Define the partition function as

\begin{equation}\label{eqn:partitionFunction:20}

Z = \int d^3 x’ \evalbar{ K( \Bx’, t ; \Bx’, 0 ) }{\beta = i t/\Hbar},

\end{equation}

Show that the ground state energy is given by

\begin{equation}\label{eqn:partitionFunction:40}

-\inv{Z} \PD{\beta}{Z}, \qquad \beta \rightarrow \infty.

\end{equation}

## Answer

The propagator evaluated at the same point is

\begin{equation}\label{eqn:partitionFunction:60}

\begin{aligned}

K( \Bx’, t ; \Bx’, 0 )

&=

\sum_{a’} \braket{\Bx’}{a’} \ket{a’}{\Bx’} \exp\lr{ -\frac{i E_{a’} t}{\Hbar}} \\

&=

\sum_{a’} \Abs{\braket{\Bx’}{a’}}^2 \exp\lr{ -\frac{i E_{a’} t}{\Hbar}} \\

&=

\sum_{a’} \Abs{\braket{\Bx’}{a’}}^2 \exp\lr{ -E_{a’} \beta}.

\end{aligned}

\end{equation}

The derivative is

\begin{equation}\label{eqn:partitionFunction:80}

\PD{\beta}{Z}

=

-\int d^3 x’ \sum_{a’} E_{a’} \Abs{\braket{\Bx’}{a’}}^2 \exp\lr{ -E_{a’} \beta}.

\end{equation}

In the \( \beta \rightarrow \infty \) this sum will be dominated by the term with the lowest value of \( E_{a’} \).
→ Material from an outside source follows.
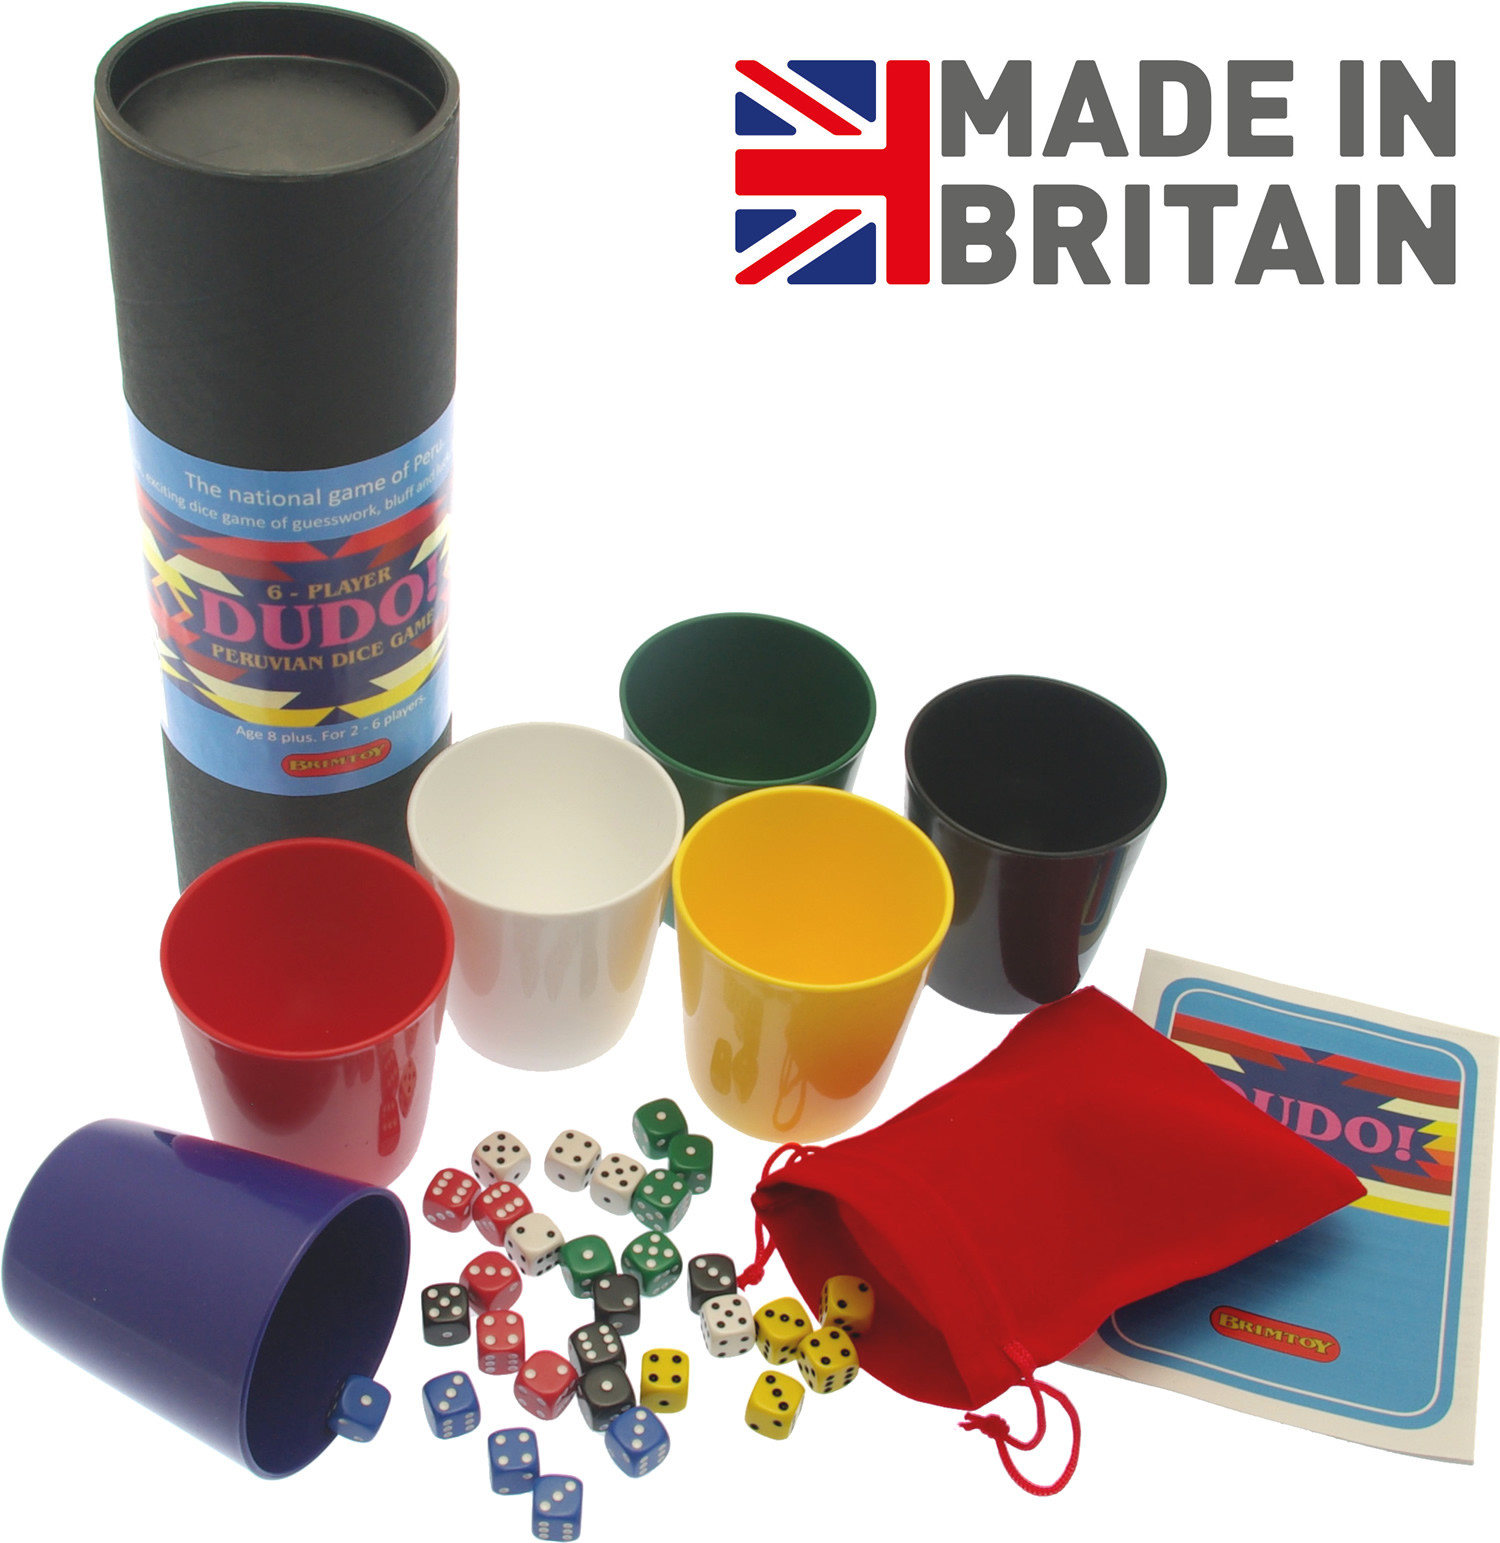 Perudo the Original South American Liars Dice Game Outset Media

Suppose that state is \( a’ = 0 \), then

\begin{equation}\label{eqn:partitionFunction:100}

\lim_{ \beta \rightarrow \infty }

-\inv{Z} \PD{\beta}{Z}

= \frac{

\int d^3 x’ E_{0} \Abs{\braket{\Bx’}{0}}^2 \exp\lr{ -E_{0} \beta}

}

{

\int d^3 x’ \Abs{\braket{\Bx’}{0}}^2 \exp\lr{ -E_{0} \beta}

}

= E_0.

\end{equation}

# References

[1] Jun John Sakurai and Jim J Napolitano. *Modern quantum mechanics*. Pearson Higher Ed, 2014.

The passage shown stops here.